Lender Products and Services
Episode 003 of “Clear to Close” podcast was just released and introduces an insightful debate about the future of the loan officer in this age of digital transformation. The episode features Homebot CEO, Ernie Graham, and challenges what the responsibility and focus of a loan officer should be in an industry in flux. Highly recommend for all lending managers and teams. Download and subscribe from your favorite podcast platform: Apple, Spotify, Google Play, Soundcloud, or listen in your browser here.

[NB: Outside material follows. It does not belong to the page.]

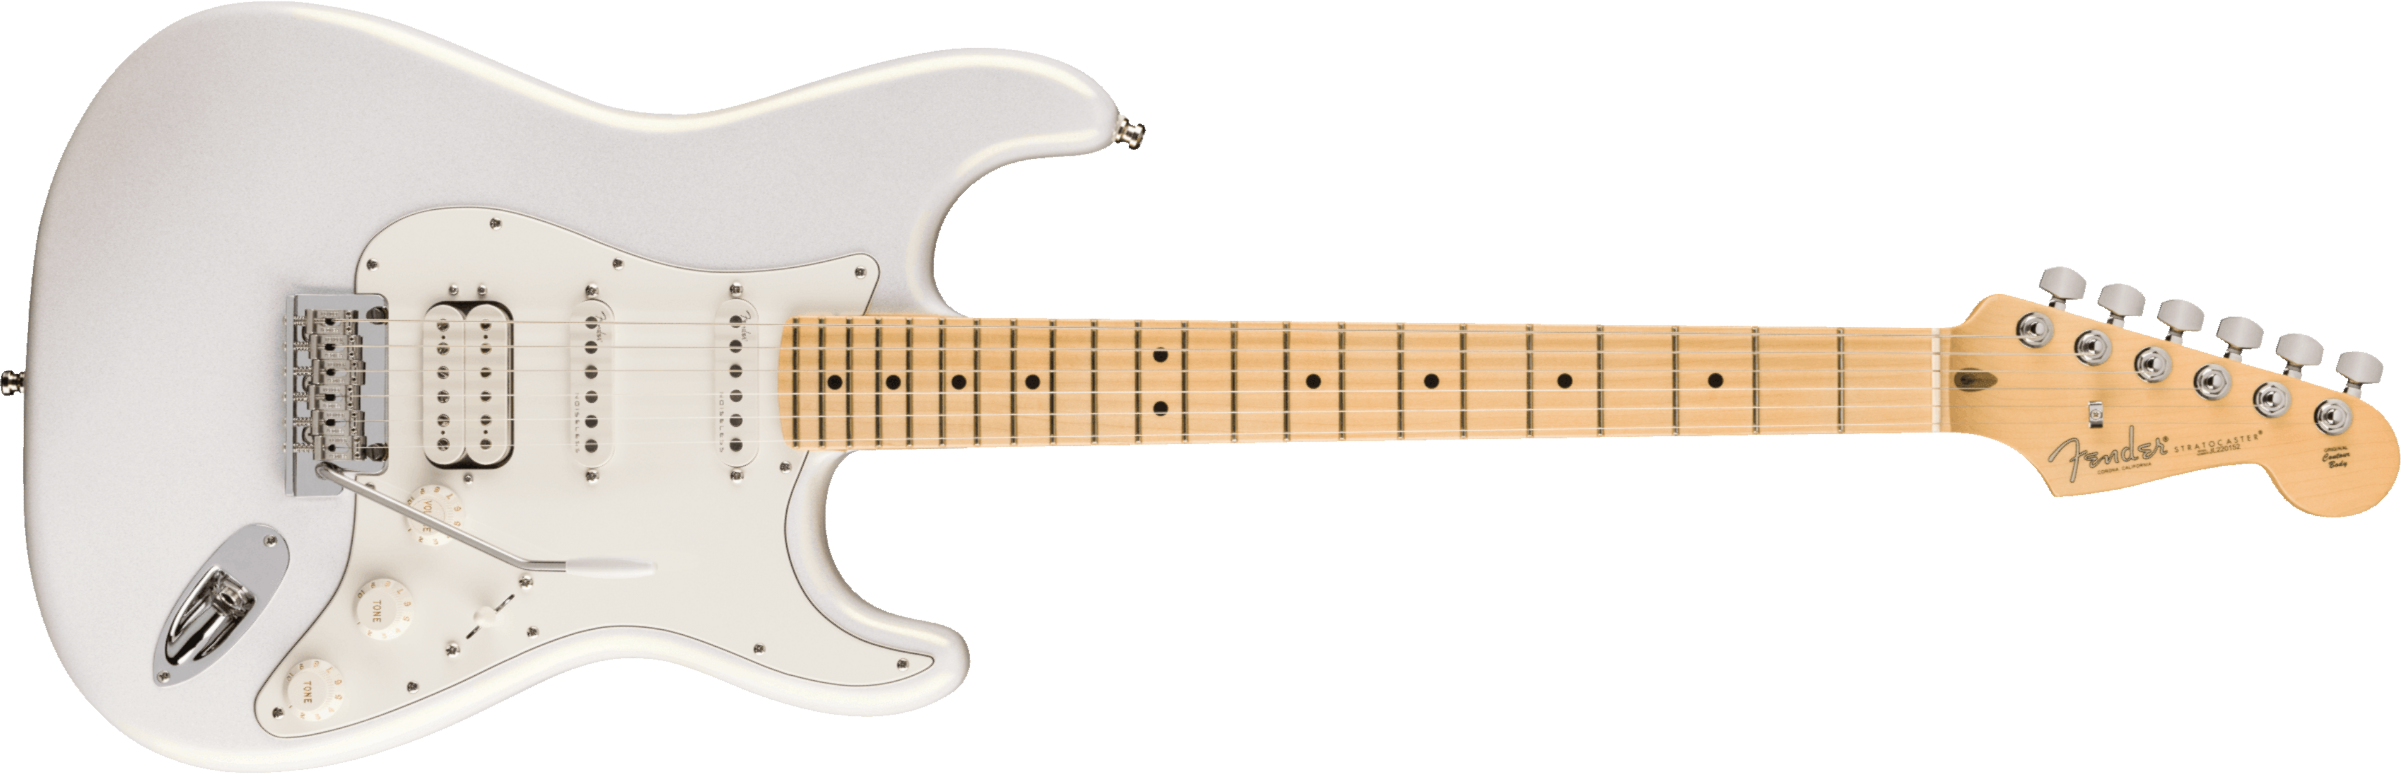 Fender Juanes Strat Trem Hss Mn - Luna White - Elektrische gitaar in Str-vorm - Main picture
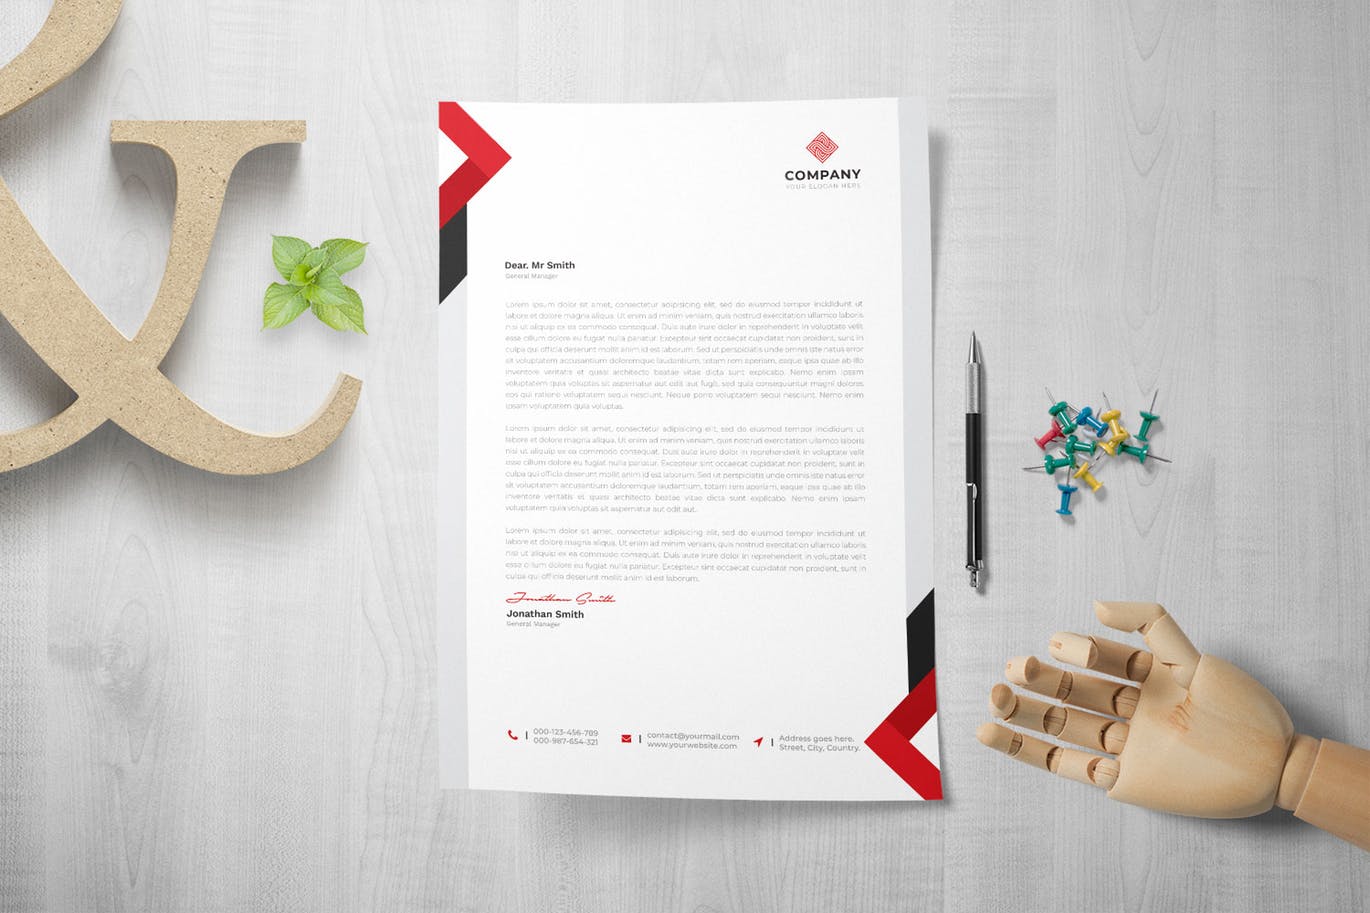 网络科技/技术开发企业信纸排版模板 Letterhead插图(1)

Nations Direct Mortgage is continuing to expand its Non-QM suite and will be showcasing its new 1099 product this Thursday, January 23rd. "I couldn't be more excited about this new product and the Non-QM opportunities in 2020. Our alternative lending solutions have provided first time homebuyers purchasing power in the residential market. The rollout of the IRS 1099 product will be a great complement to the simplified 12-month bank statement product. Our Non-QM full and alternative documentation products have generated tremendous buzz in the broker community," says Managing Director / Specialty Lending, Martin Warren. "Our expansive proprietary products, coupled with our DirectQual AUS and dedicated Non-QM Help Team, have solidified NDM as a Non-QM leader by providing industry-leading execution for the wholesale brokers." Join Nations Direct for a quick 30-minute webinar showcasing the 1099 product as well as a demo of their AUS, DirectQual. Click here to register.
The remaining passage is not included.